P0733 - Neuromyelitis Optica Spectrum Disorder with Interstitial Pneumonia as the First Episode: A Case Report (ID 1124)

Speakers
Presentation Number
P0733
Presentation Topic
Neuromyelitis Optica and Anti-MOG Disease

Abstract

Background

Neuromyelitis Optica Spectrum Disorder (NMOSD) describes a range of immune-mediated inflammatory conditions typically presenting as recurrent episodes of optic neuritis and myelitis. The main pathogenic factor is the presence of immunoglobulin (Ig)G antibodies against the water channel protein aquaporin4 (AQP4) in the blood and subsequently in the central nervous system (CNS). Although, initially, it was considered that AQP4-IgG particularly targets the CNS, recently few cases with concurrent manifestations from other peripheral organs have been reported.

Objectives

Herein, we describe a rare case of NMO with atypical first manifestation of pneumonia and multisystem involvement including skeletal muscles, blood system and kidneys, additionally to the CNS.

Methods

A 77-year-old female was initially admitted to the pulmonology department where she was investigated for interstitial pneumonia.

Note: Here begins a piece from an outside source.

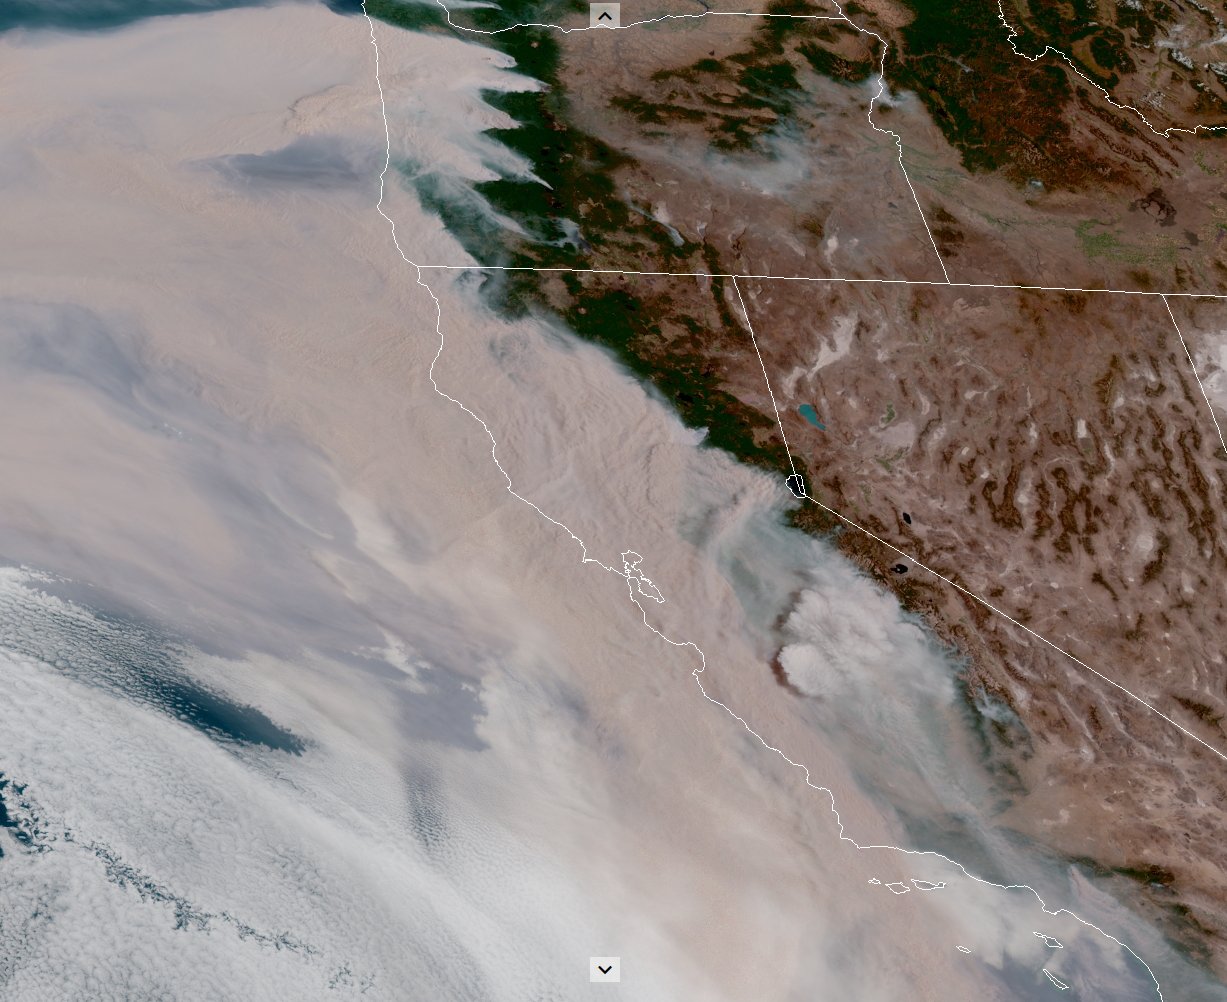 Satellite view of smoke plumes produced by 2020 California wildfires, September 9, 2020, 11:00 AM, taken from the GOES-17 weather satellite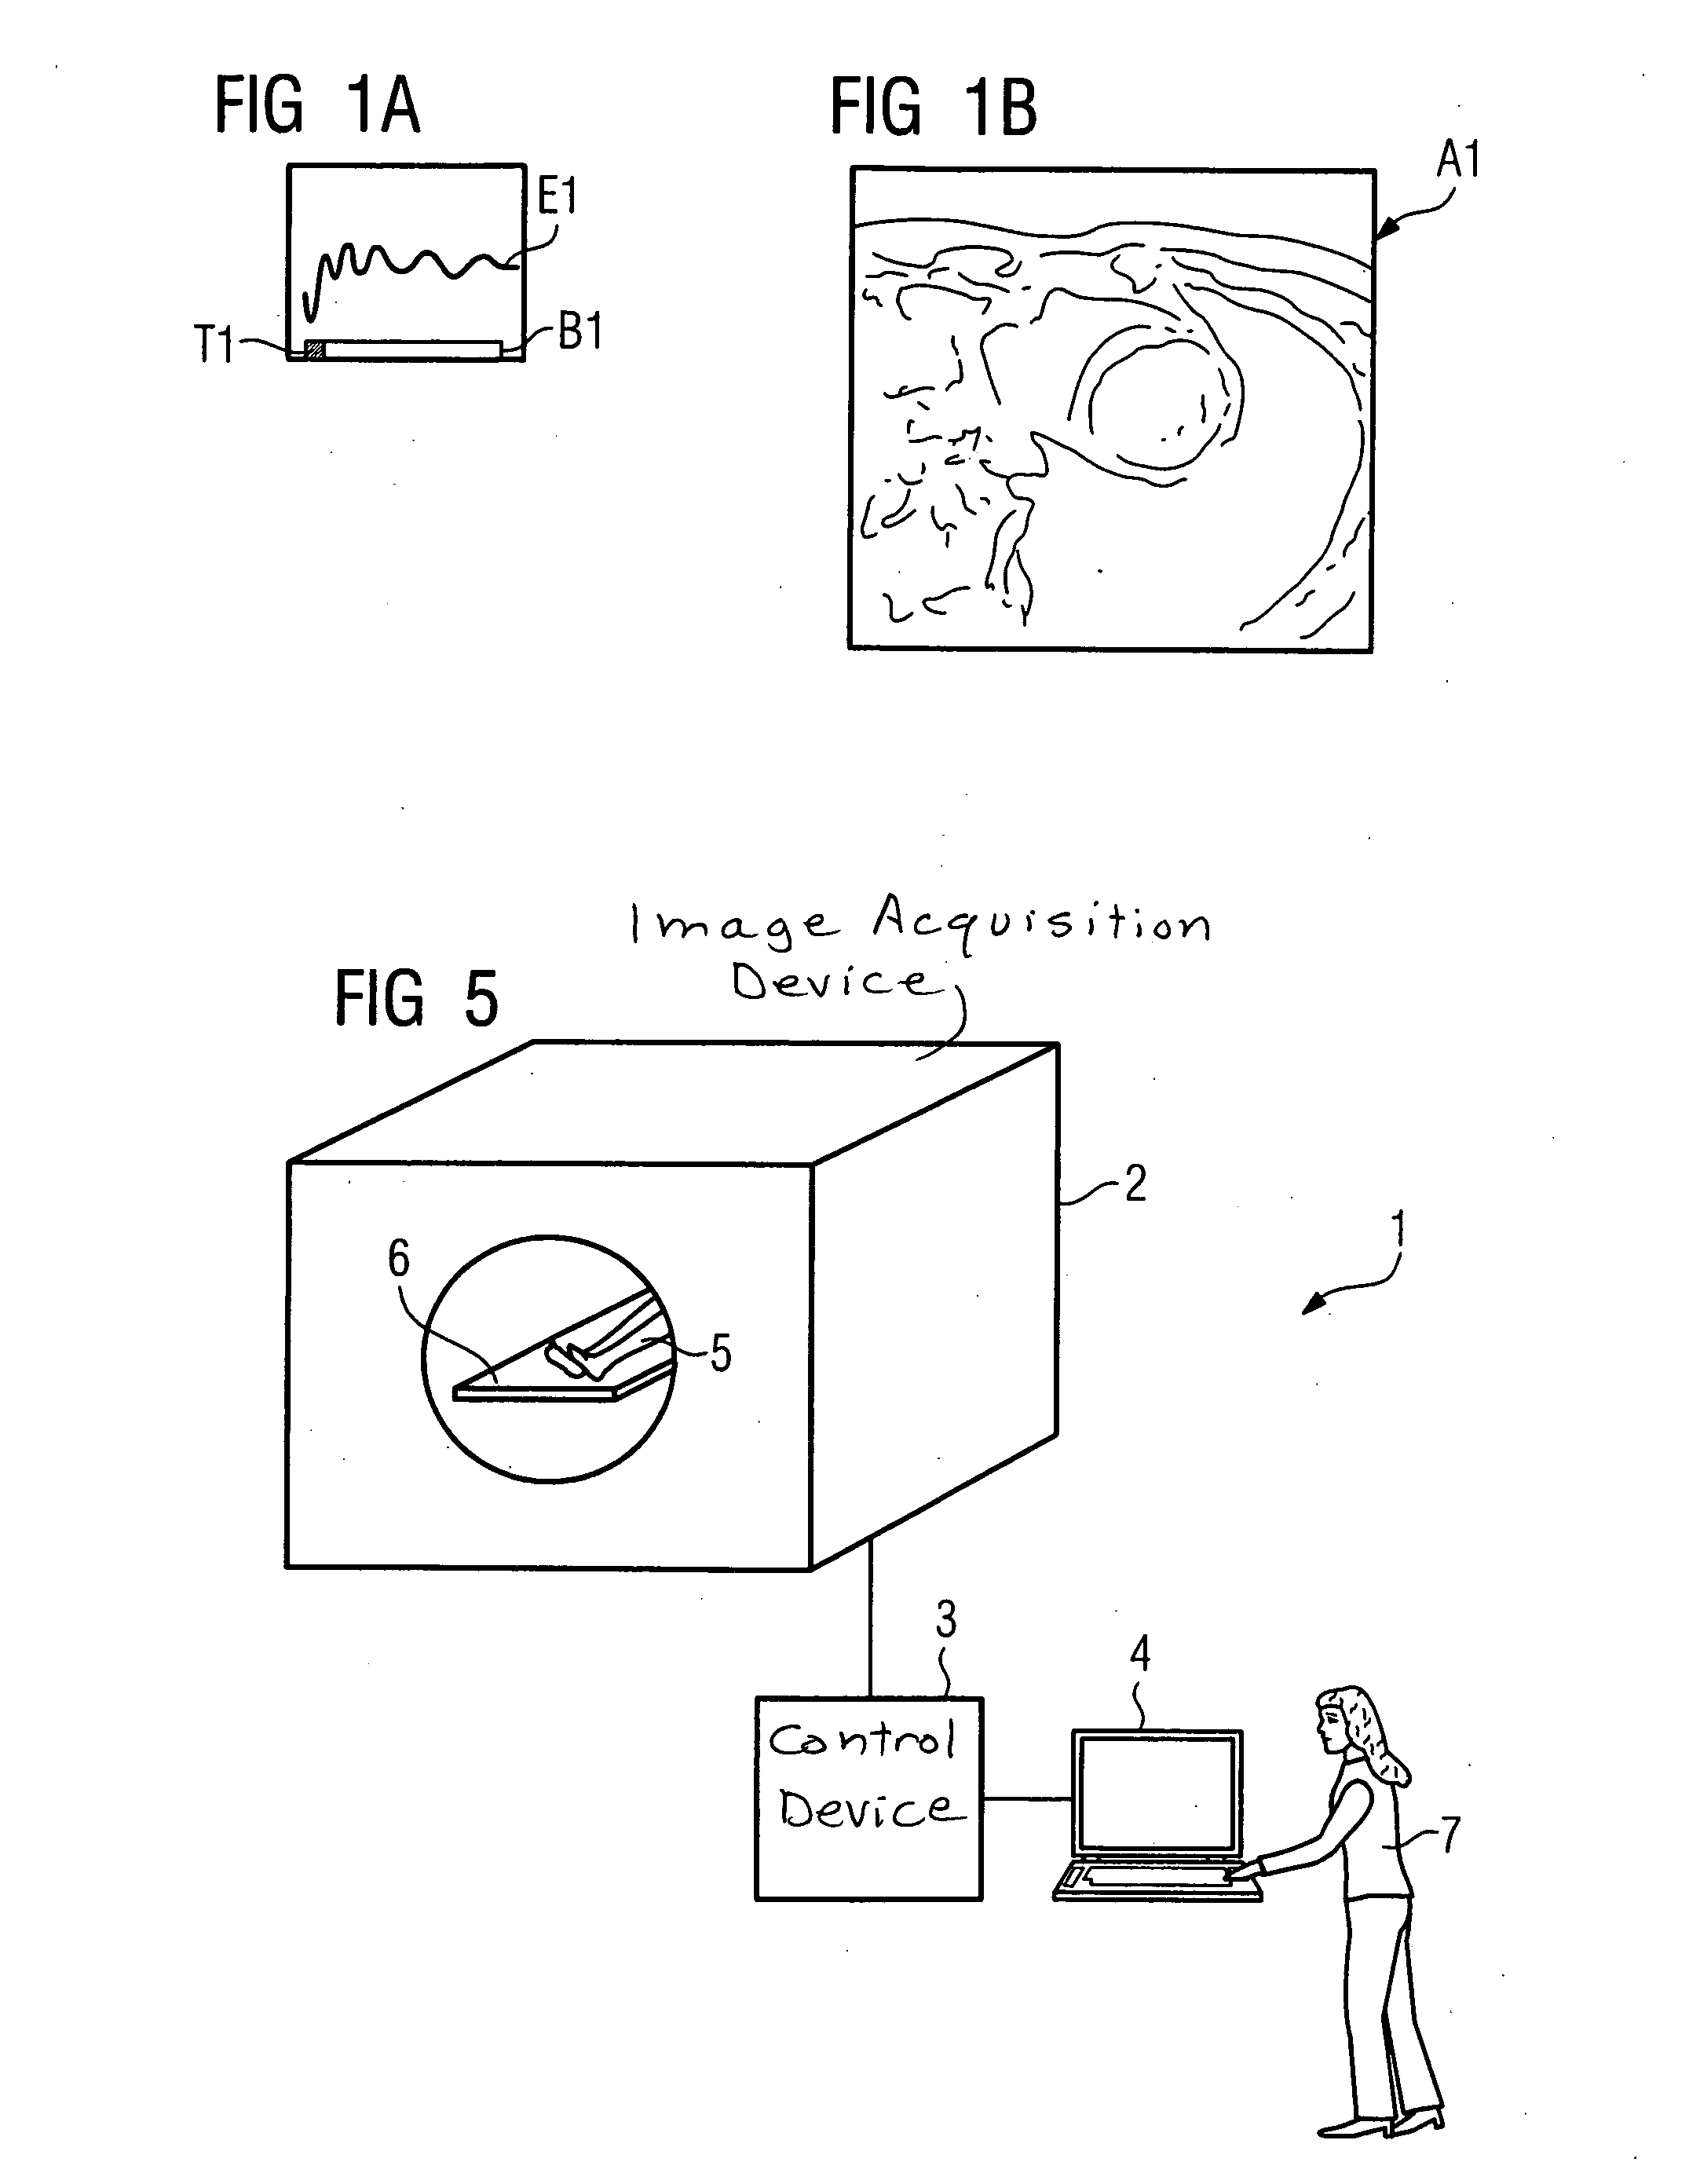 Method for generating an image exposure of the heart requiring a preparation

The patient underwent computed tomography that revealed abnormal shadows distributed in both lungs. Bronchoscopy and lung biopsies were non-diagnostic. During hospitalization she experienced a sudden onset of hiccups and vomiting. Simultaneously, numbness and muscle weakness of lower extremities were established. Magnetic resonance imaging (MRI) showed high-intensity signals at area postrema region and intramedullary at cervical and thoracic spinal cord on T2-weighted imaging, with gadolinium enhancement on T1-weighted imaging. Cerebrospinal fluid (CSF) examination revealed mild lymphocytosis, oligoclonal bands identical in CSF and serum, compatible with systematic inflammatory disease and positive AQP4-IgG antibodies. Based on the above findings the diagnosis of NMOSD was established. In the following days myalgia with high levels of creatine phosphokinase were noticed. Furthermore, acute renal failure and severe anemia occurred. A full panel of tests for autoimmune, viral and paraneoplastic disorders was carried out to exclude other pathological conditions. Positron emission tomography (PET) scan was without pathological findings.

Results

The patient received high doses of intravenous corticosteroids followed by oral prednisolone in long term with gradual improvement of her symptoms both on the CNS and the periphery.

Conclusions

This case highlights the possible involvement of tissues other than the CNS in AQP4-IgG positive patients. Clinicians should be aware of atypical manifestations of NMOSD outside the CNS, in cases where examinations are non-diagnostic and any other autoimmune or paraneoplastic disorder is excluded.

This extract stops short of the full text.